Suppose I have a string vector:
假设有一个弦向量
header = c("2012 Chevrolet Camaro SS",
"2013 Chevrolet Equinox LT",
"2013 Nissan Altima 2.5 SV",
"2009 Infiniti M35x X")
and a list of car makers
还有汽车制造商的名单
maker.list = c("Chevrolet", "Nissan", "Infiniti")
I want to use agrep() to return the index of where the car maker appears in each element in the header. I want it to return
我想使用agrep()返回标题中每个元素中汽车制造商出现的位置的索引。我想让它回来。
idx = c(2, 2, 2, 2) #the makers' name occurs at the 2nd position of each element
Since the pattern is string list, I am thinking to use mapply or lapply to loop it over. Or maybe use r command to change the maker names to a regular expression like
由于模式是字符串列表,我正在考虑使用mapply或lapply对它进行循环。或者可以使用r命令将maker名称更改为正则表达式,比如
regexp = "Chevrolet|Nissan|Infiniti"
So far I have:
到目前为止我有:
idx = lapply(maker.list, function(permaker){
match.result = agrep(permaker, header, max.distance = 1)
return (match.result)
})
This obviously does not work... Any ideas?
这显然行不通……什么好主意吗?
-----------------------------update-------------------------------- I tried one of the solution below and something strange happened.
- - - - - - - - - - - - - - - - - - - - - - - - - - - - - - update - - - - - - - - - - - - - - - - - - - - - - - - - - - - - - - - - -我试着下面的解决方案之一,奇怪的事情发生了。
maker.list1 = c("zap", "ford")
lapply(maker.list1, agrep, c("2011" ,"Ford", "Escape"), max.distance = 1, ignore.case = TRUE)
the result is
结果是
[[1]]
[1] 3
[[2]]
[1] 2
which saying both matches, this makes no sense to me, am I missing something? ps: In my actual case, I have about 70 car makers and over 4k headers.

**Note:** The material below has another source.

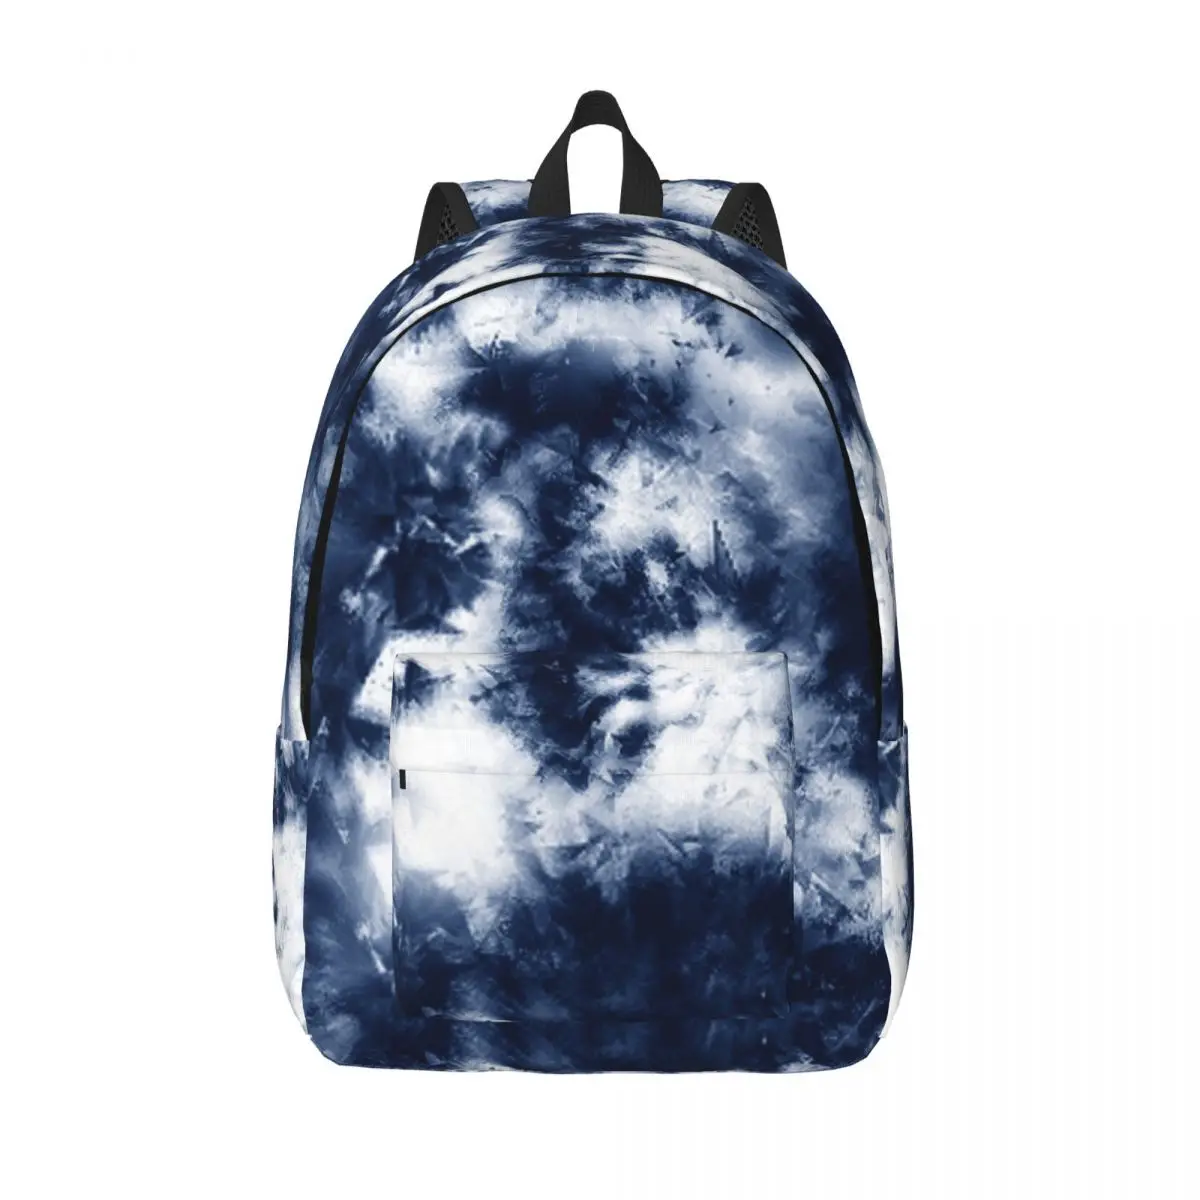 

Blue Tie Dye Pattern Teenage Backpack Sports Student Hiking Travel Daypack for Men Women Laptop Canvas Bags

两种说法都对,这对我来说毫无意义,我是不是漏掉了什么?ps:在我的实际案例中,我有大约70家汽车制造商和超过4k的机身。
1 个解决方案
#1
2
strsplit
each item in your header
by spaces and then run agrep
through each one:
将每个项目在你的头中按空格分开,然后在每个项目中运行协议:
sapply(strsplit(header, "\\s+"), function(H) unlist(lapply(maker.list, agrep, H)) )
#[1] 2 2 2 2
If you get multiple hits for any case you will get a list
instead of a vector as the result.
如果你在任何情况下得到多次命中,你会得到一个列表而不是一个向量。
#1
2
strsplit
each item in your header
by spaces and then run agrep
through each one:
将每个项目在你的头中按空格分开,然后在每个项目中运行协议:
sapply(strsplit(header, "\\s+"), function(H) unlist(lapply(maker.list, agrep, H)) )
#[1] 2 2 2 2
If you get multiple hits for any case you will get a list
instead of a vector as the result.
如果你在任何情况下得到多次命中,你会得到一个列表而不是一个向量。